53. What is Boundary value testing?

Test boundary conditions on, below and above the edges of input and output equivalence classes. In boundary values testing we test only the exact boundaries, rather than hitting in the middle. That means we test above the maximum limit and below the minimum limit.

54. What is exploratory testing?

Exploratory testing is hands-on approach in which testers are involved in minimum planning and maximum test execution. The planning involves the creation of a test charter, a short declaration of the scope of a short (1 to 2 hours) time-boxed test effort, the objectives and possible approaches to be used.

The test design and test execution activities are performed in parallel typically without formally documenting the test conditions, test cases or test scripts. This does not mean that other, more formal testing techniques will not be used. For example, the tester may decide to use boundary value analysis but will think through and test the most important boundary values without necessarily writing them down.  Some notes will be written during the exploratory-testing session, so that a report can be produced afterwards.

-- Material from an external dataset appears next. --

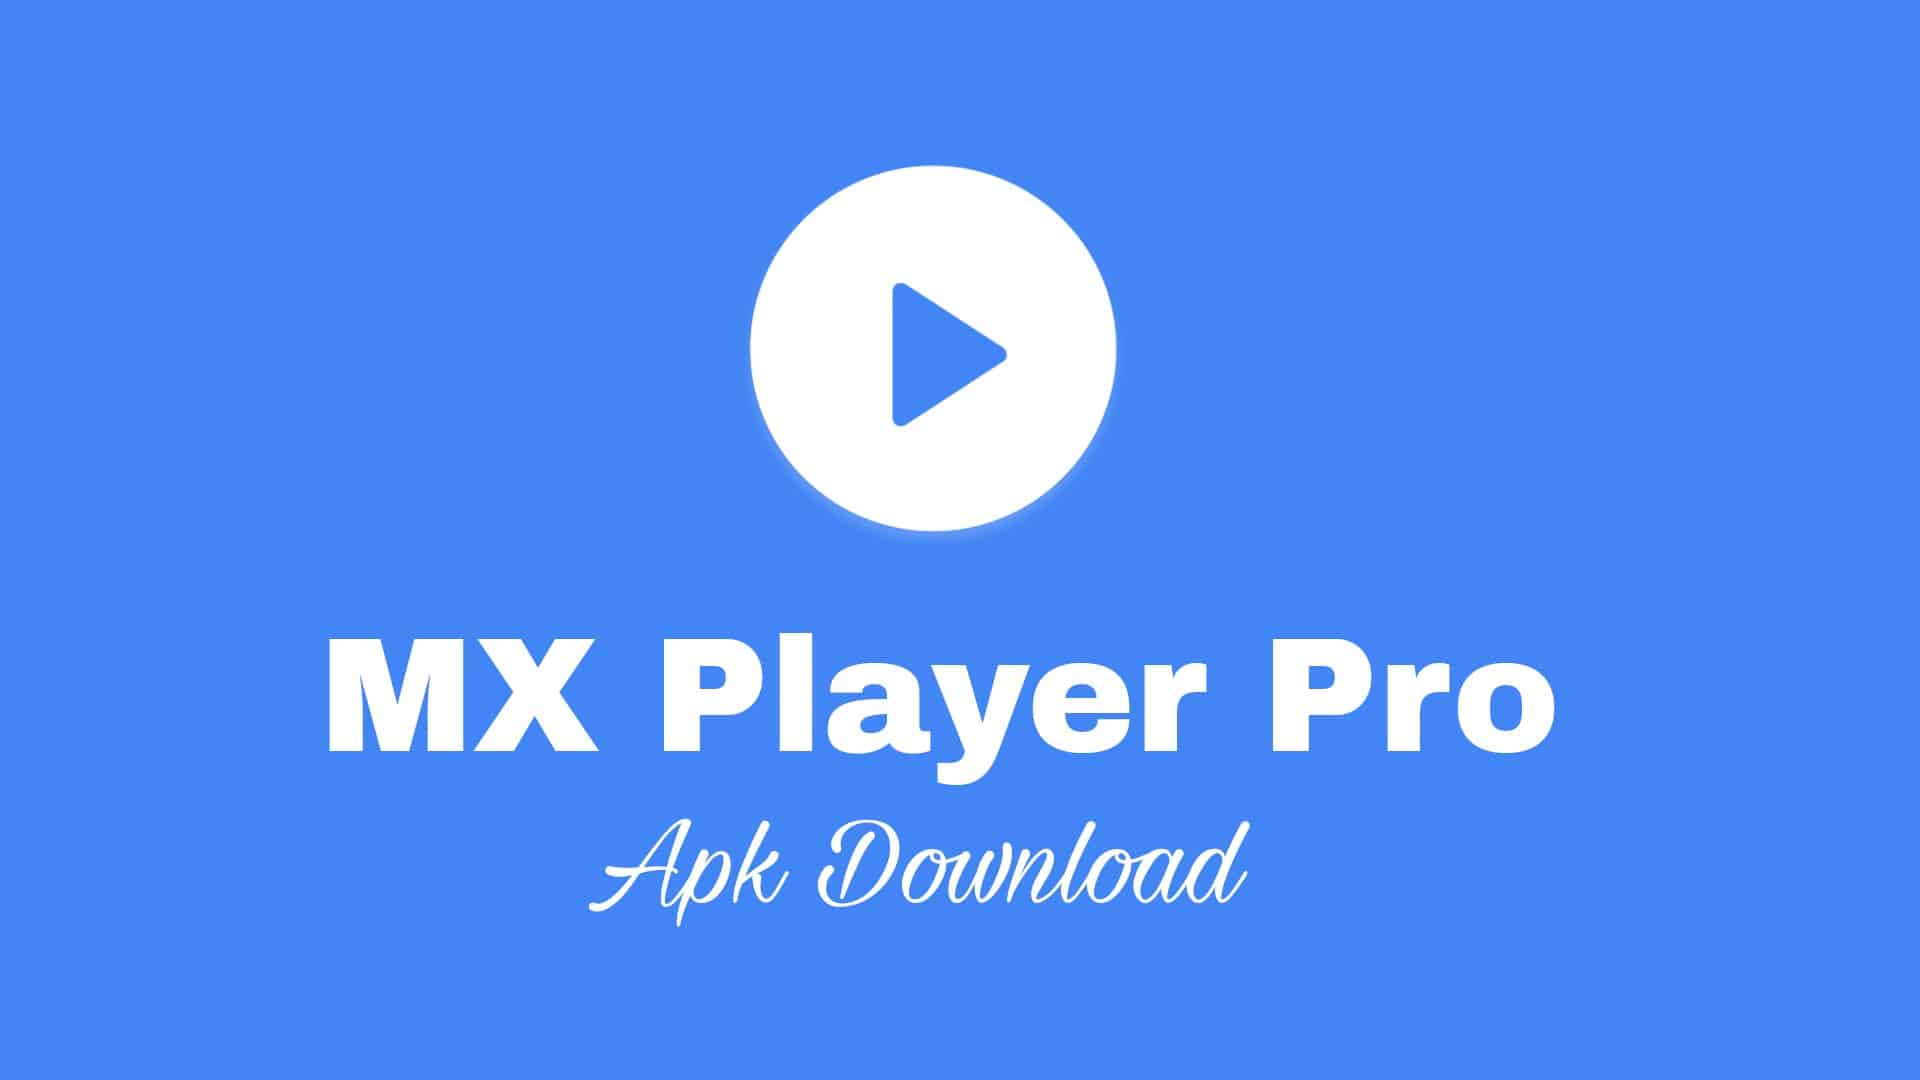 mx player pro cracked apk download

55. What is Equivalence partitioning testing?

Equivalence partitioning testing is a software testing technique which divides the application input test data into each partition at least once of equivalent data from which test cases can be derived. By this testing method it reduces the time required for software testing.

56. What is reliability testing?

Reliability testing is a testing strategy to measure the consistency of a Software in executing a specific operation without throwing any error for a certain period in the given environment.

57. What is Modularity Driven Testing?

Modularity driven testing is an automation testing framework in which small, independent modules of automation scripts are developed for the application under test. These individual to form a test realizing a particular test case.

58. What is benchmark testing?

Benchmarking testing is the process of comparing application performance with respect to industry standard which is given by some other organization. Benchmark informs us where our application stands with respect to others. Benchmark compares our application performance with other company’s application’s performance.

59. What is “use case testing”?

To identify and execute the functional requirement of an application form start to finish “use case” is used and the techniques used to do this is known as “Use Case Testing”

60. What is Agile testing and what is the importance of Agile testing?

Agile testing is software testing, is testing using Agile Methodology. The importance of this testing is that, unlike normal testing process, this testing does not wait for the development team to complete the coding first and then doing testing. The coding and testing both go simultaneously. It requires continuous customer interaction.

61. What is CRUD testing?

CRUD (Create, Read, Update and Delete) is another term used for Black box testing. CRUD testing is another term for database testing.

C – Create – Creating a new Transaction

R – Read/Retrieve – Searching or viewing a transaction

U – Update – Editing or modifying an existing transaction

D – Delete – Deleting a transaction from the database

62. What is Workflow Testing?

Workflow processes technique in software testing by routing a record through each possible path. These tests are performed to ensure that each workflow process accurately reflects the business process. This kind of testing holds good for work-flow-based applications.

63. What is N+1 testing?

The variation of regression testing is represented as N+1. In this technique the testing is performed in multiple cycles in which errors found in test cycle ‘N’ are resolved and re-tested in test cycle N+1. The cycle is repeated unless there are no errors found.

64. What is bottom up testing?

Bottom up testing is an approach to integration testing, where the lowest level components are tested first, then used to facilitate the testing of higher-level components. The processes is repeated until the component at the top of the hierarchy is tested.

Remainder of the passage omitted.